Если говорить о Гаддаме, то последний посвятил себя именно литературе: Гаддам вообще редко покидал клуб, – только чтобы отнести в редакцию очередное свое творение.
Радов был полной противоположностью Гаддаму: веселый и энергичный. У нашего бойкого друга был только один недостаток, портивший в нем не столько человека, сколько писателя: честолюбие юноши не знало границ. Его страстное желание стать великим писателем пугало меня не на шутку.
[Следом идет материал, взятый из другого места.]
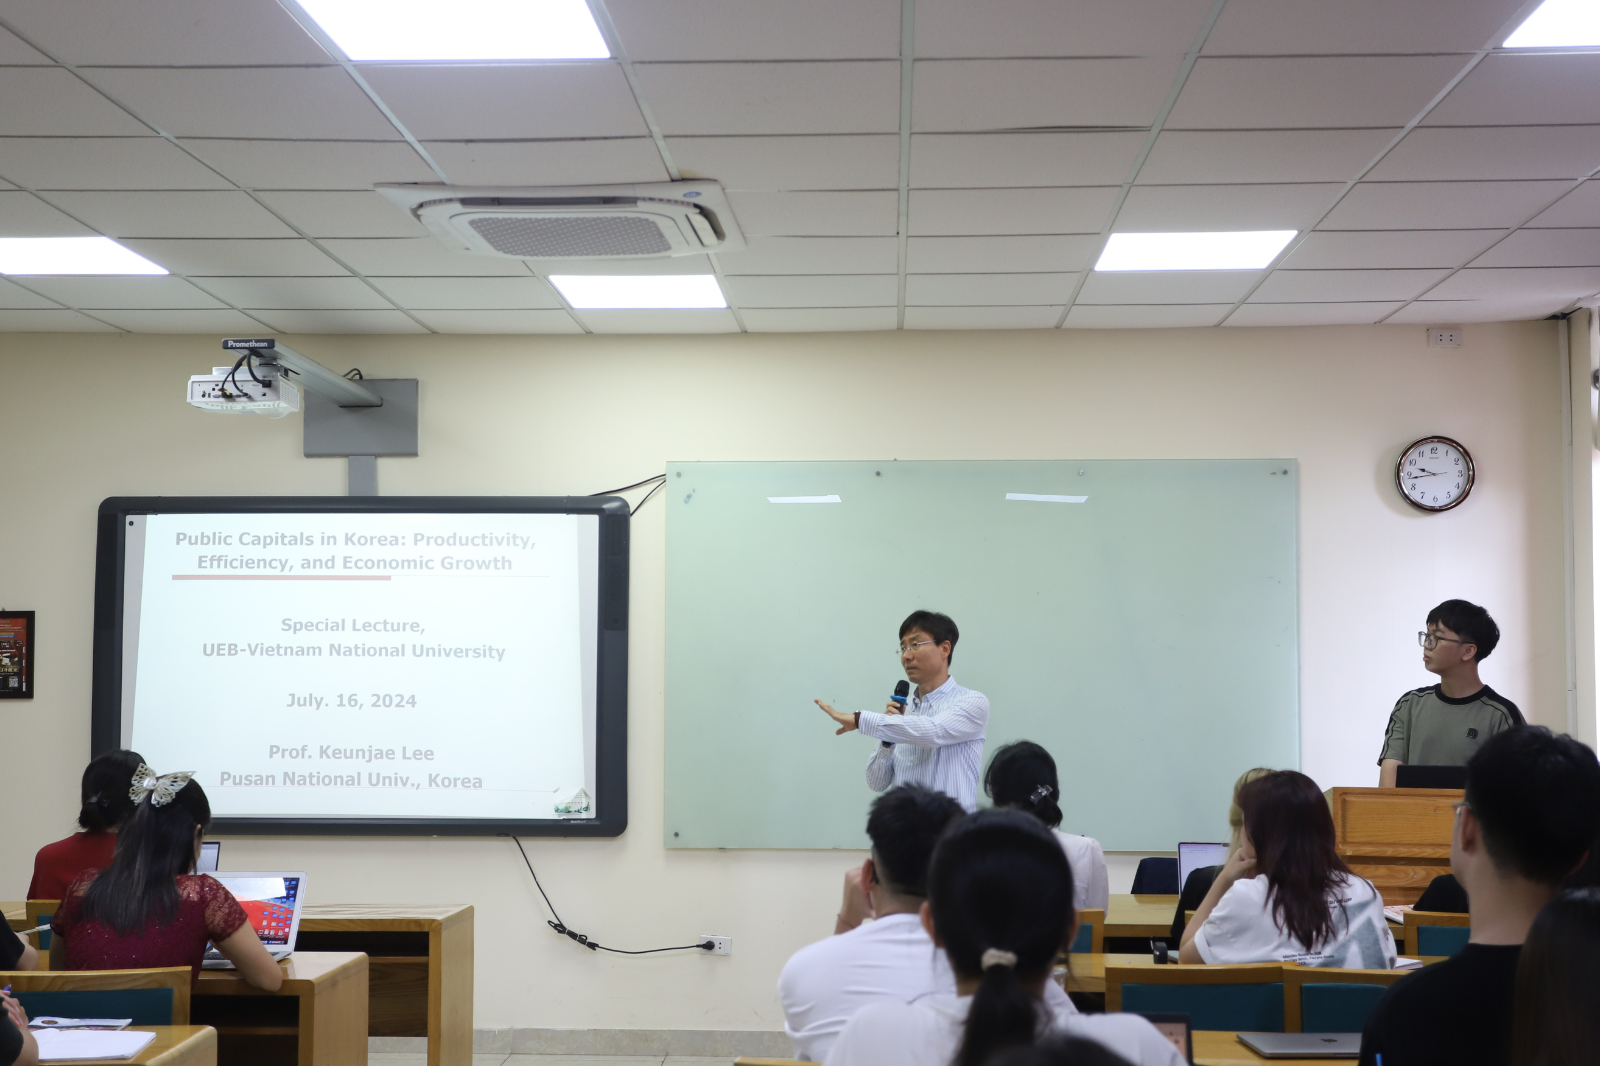 Thúc đẩy môi trường học quốc tế cho sinh viên UEB - SITE với lớp học của giáo sư Đại học Quốc gia Pusan, Hàn Quốc
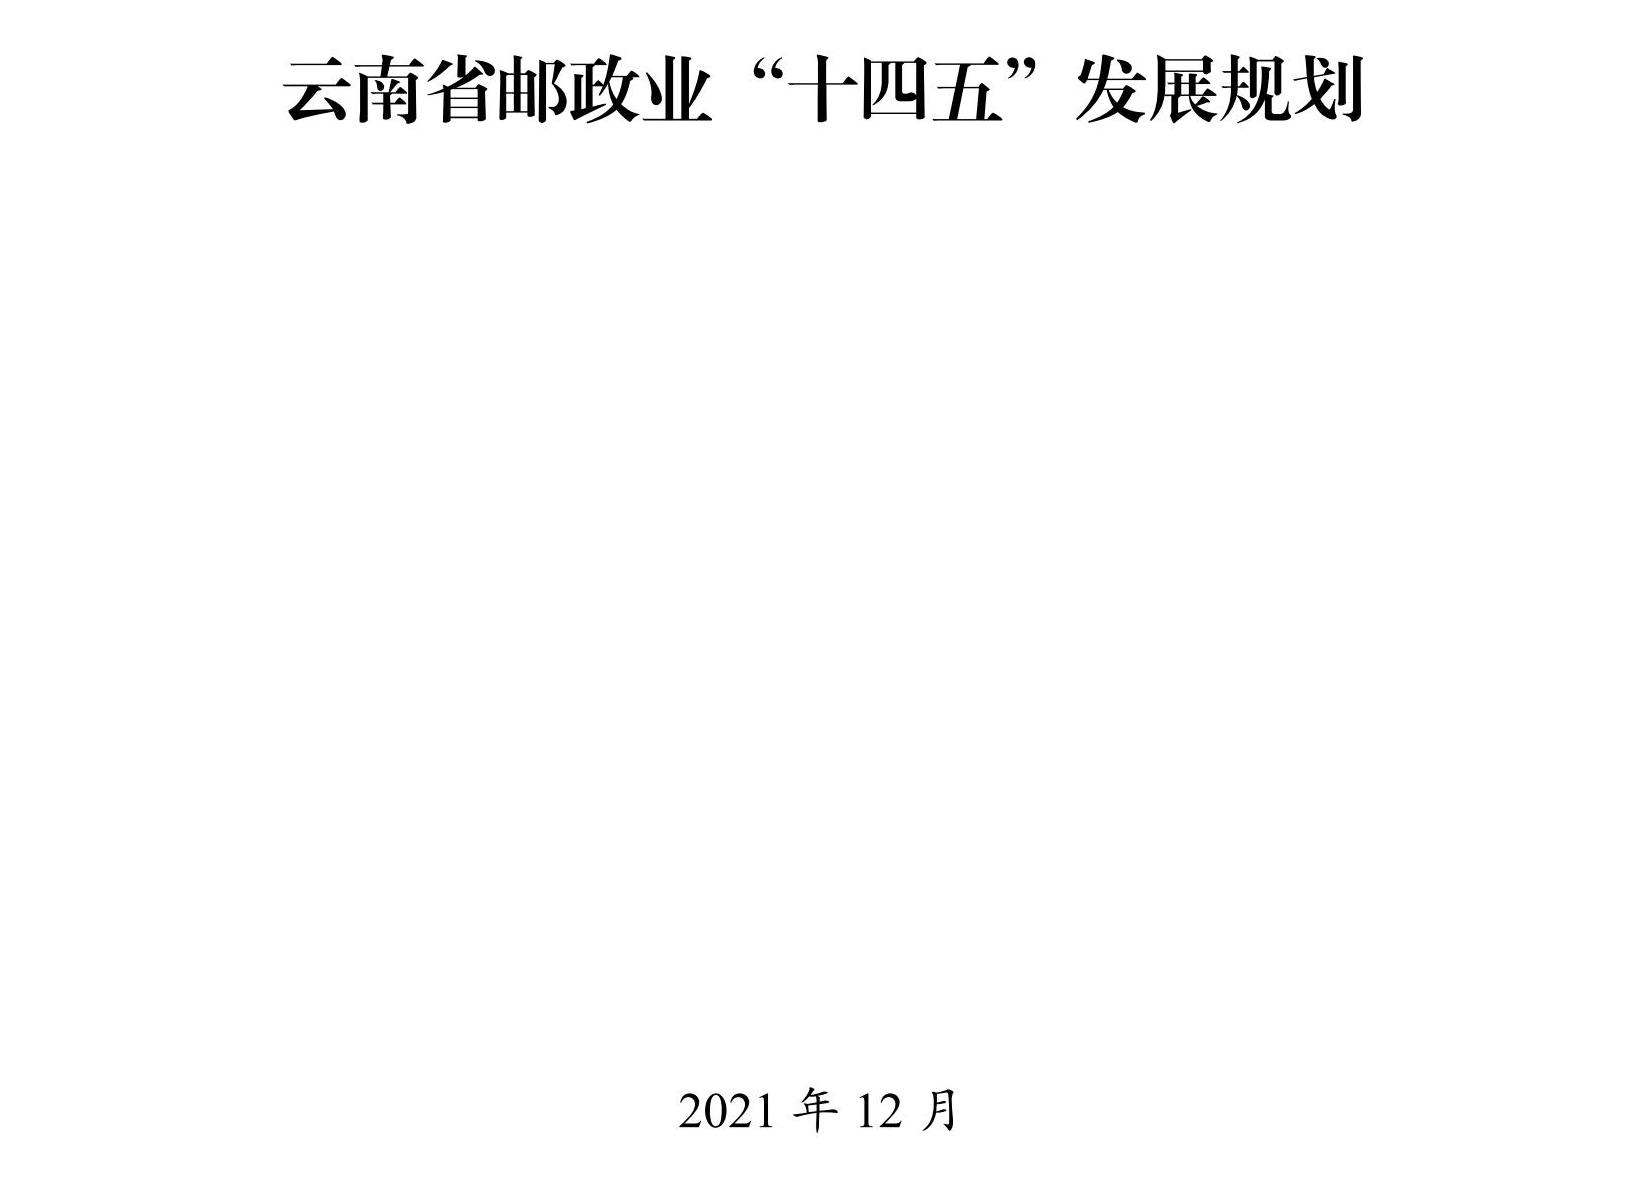 云南省邮政业“十四五”发展规划_00.jpg

Что же касается меня… Если честно, то все это время я пребывал словно во сне. Ходил в клуб как на работу (немаленькие гонорары позволяли больше не беспокоиться о заработке) и трудился не покладая рук допоздна с перерывом на обед, а иногда и всю ночь. Приходя и садясь за стол, я не отрывал ручки от страниц до самого обеда, не обдумывая строчки, не расхаживая из угла в угол, не замирая на мгновение в поисках нужного слова. Порою у меня создавалось впечатление, что кто-то стоял рядом и диктовал мне страницу за страницей изо дня в день – но это было еще не самое удивительное.
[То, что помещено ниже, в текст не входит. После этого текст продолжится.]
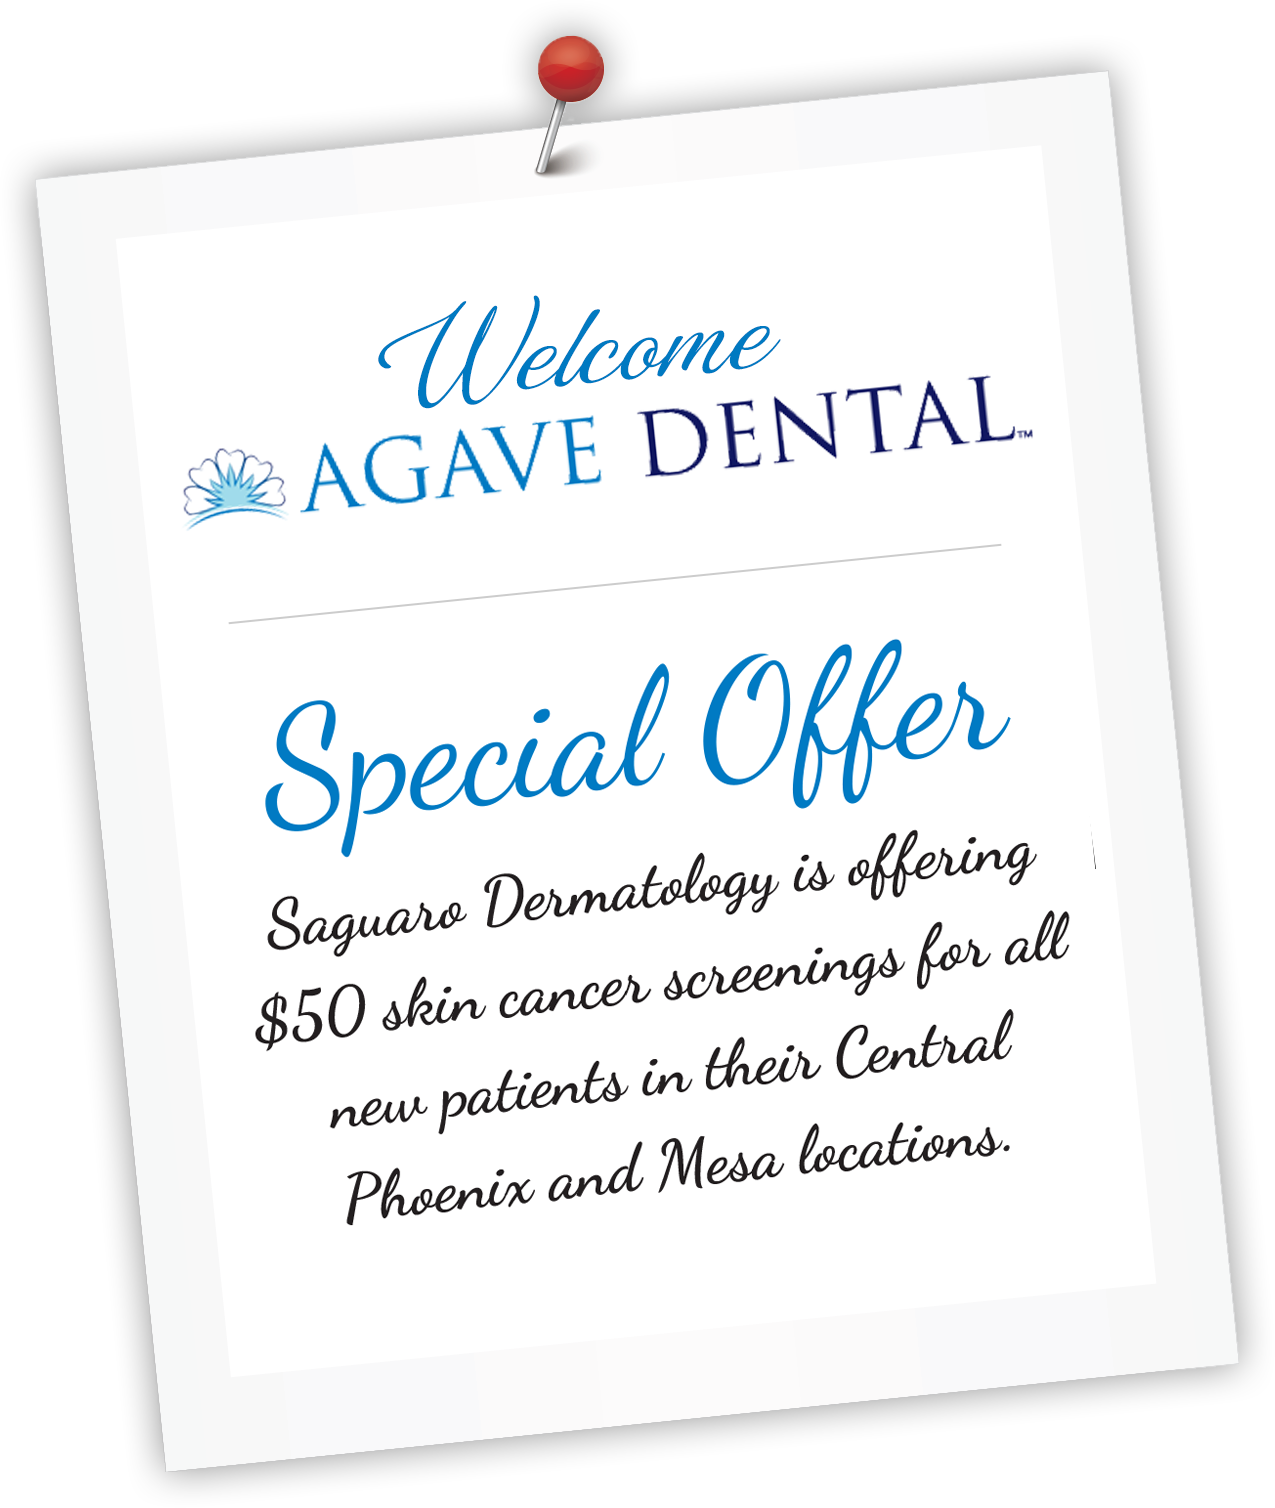 Agave Dental Special Offer

Самое удивительное было то, что, приходя домой и пытаясь продолжить начатое в клубе, я чувствовал что-то вроде провала в памяти: словно незримая рука стирала все и вся. Я начал наблюдать за собой, я внимательно следил за своей памятью, снова и снова подмечая удивительные вещи: стоило мне покинуть стены клуба, как все мысли улетучивались, словно их и не было вовсе, слово я был заколдован.
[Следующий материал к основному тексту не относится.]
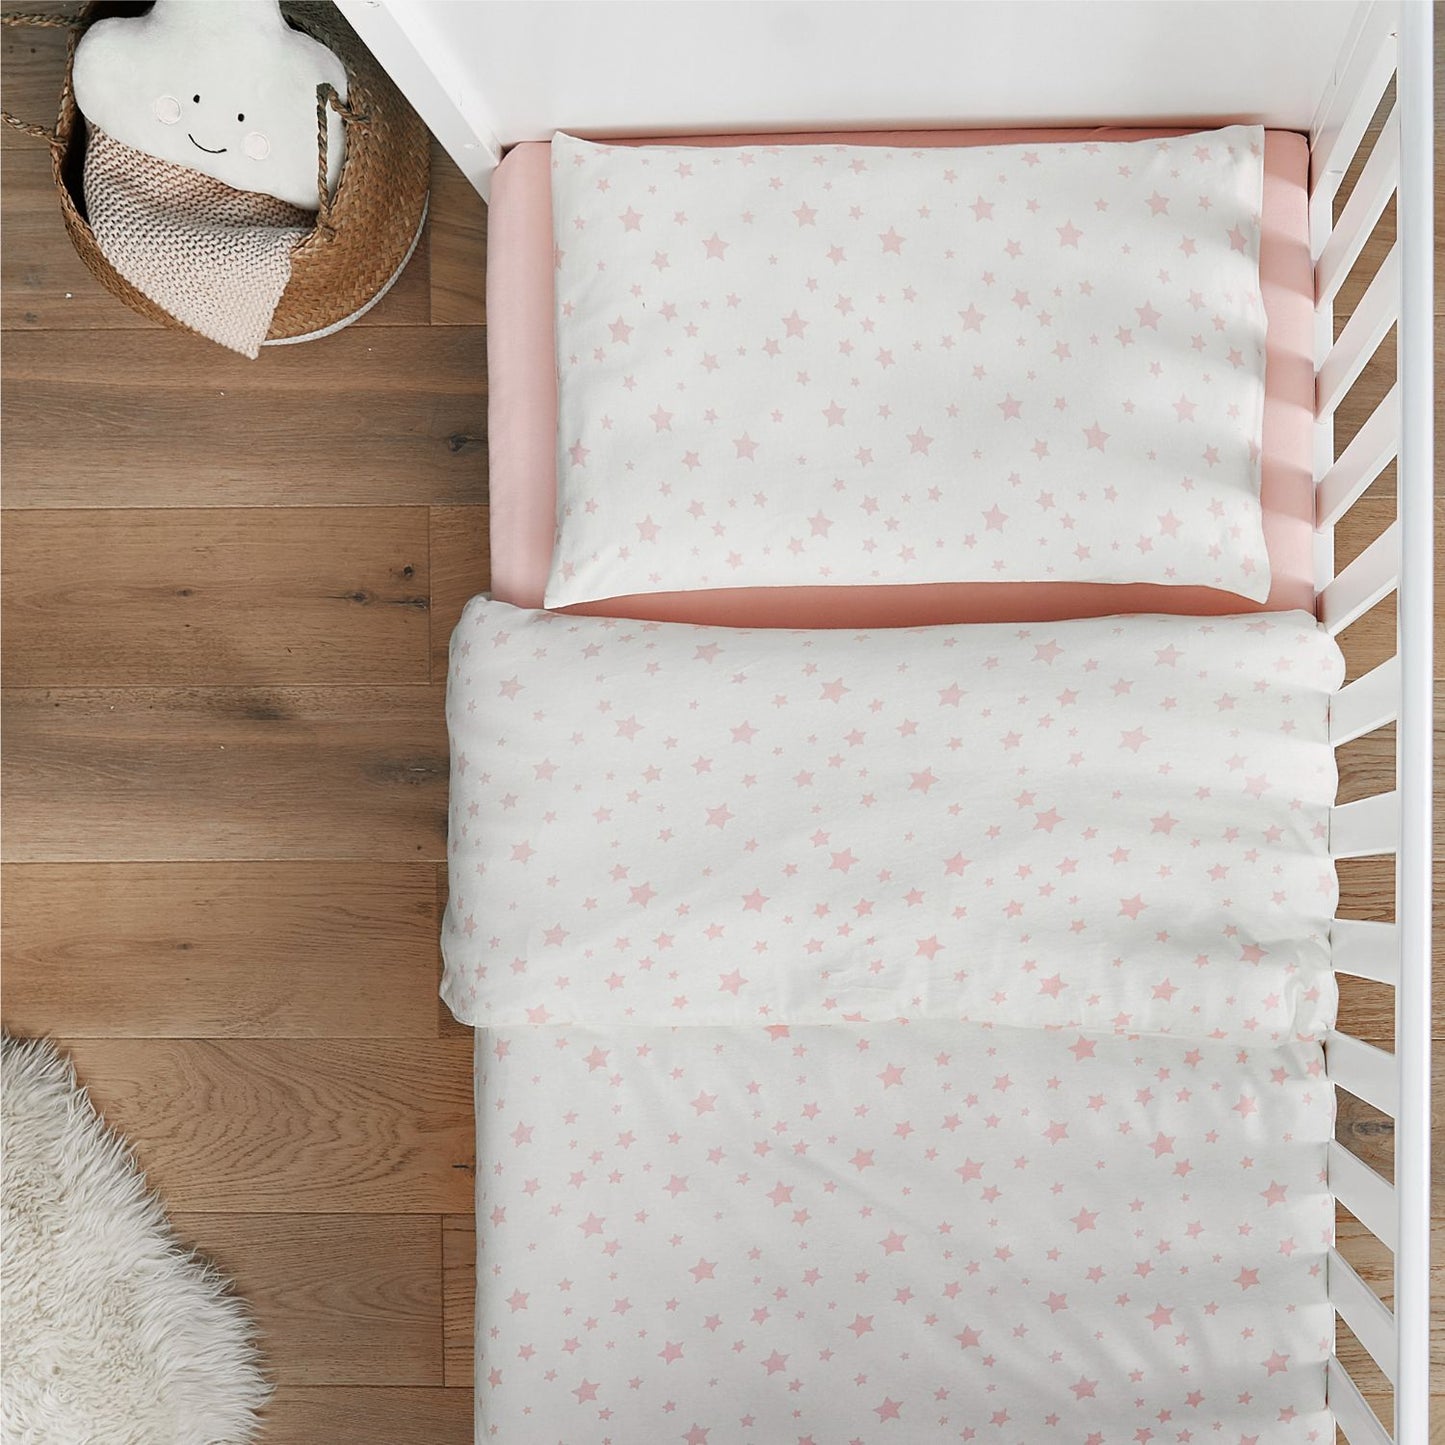 Silentnight Safe Nights Pink Star 100% Cotton Cot Bed Duvet Set

Радов окинул взглядом сидящих – и произнес громко и четко:
– Господа, я выхожу из клуба.
Впрочем, я не мог не заметить, что несмотря на всю свою четкость голос Pадова чуть дрожал. Мы молчали, не зная, что ему ответить. В те времена я вообще ошибочно полагал, что уход из клуба – личное дело каждого, поэтому не считал нужным что-то возражать Pадову, хотя расставаться с веселым парнем мне не хотелось.
Первым заговорил Гаддам.
– Радов, у вас претензии к кому-то из членов нашего клуба? – спросил он.
– Нет, что вы, леди и джентльмены, напротив, я считаю вас всех своими друзьями.
– Вас не устраивают наши гонорары, и вы нашли себе более достойную работу?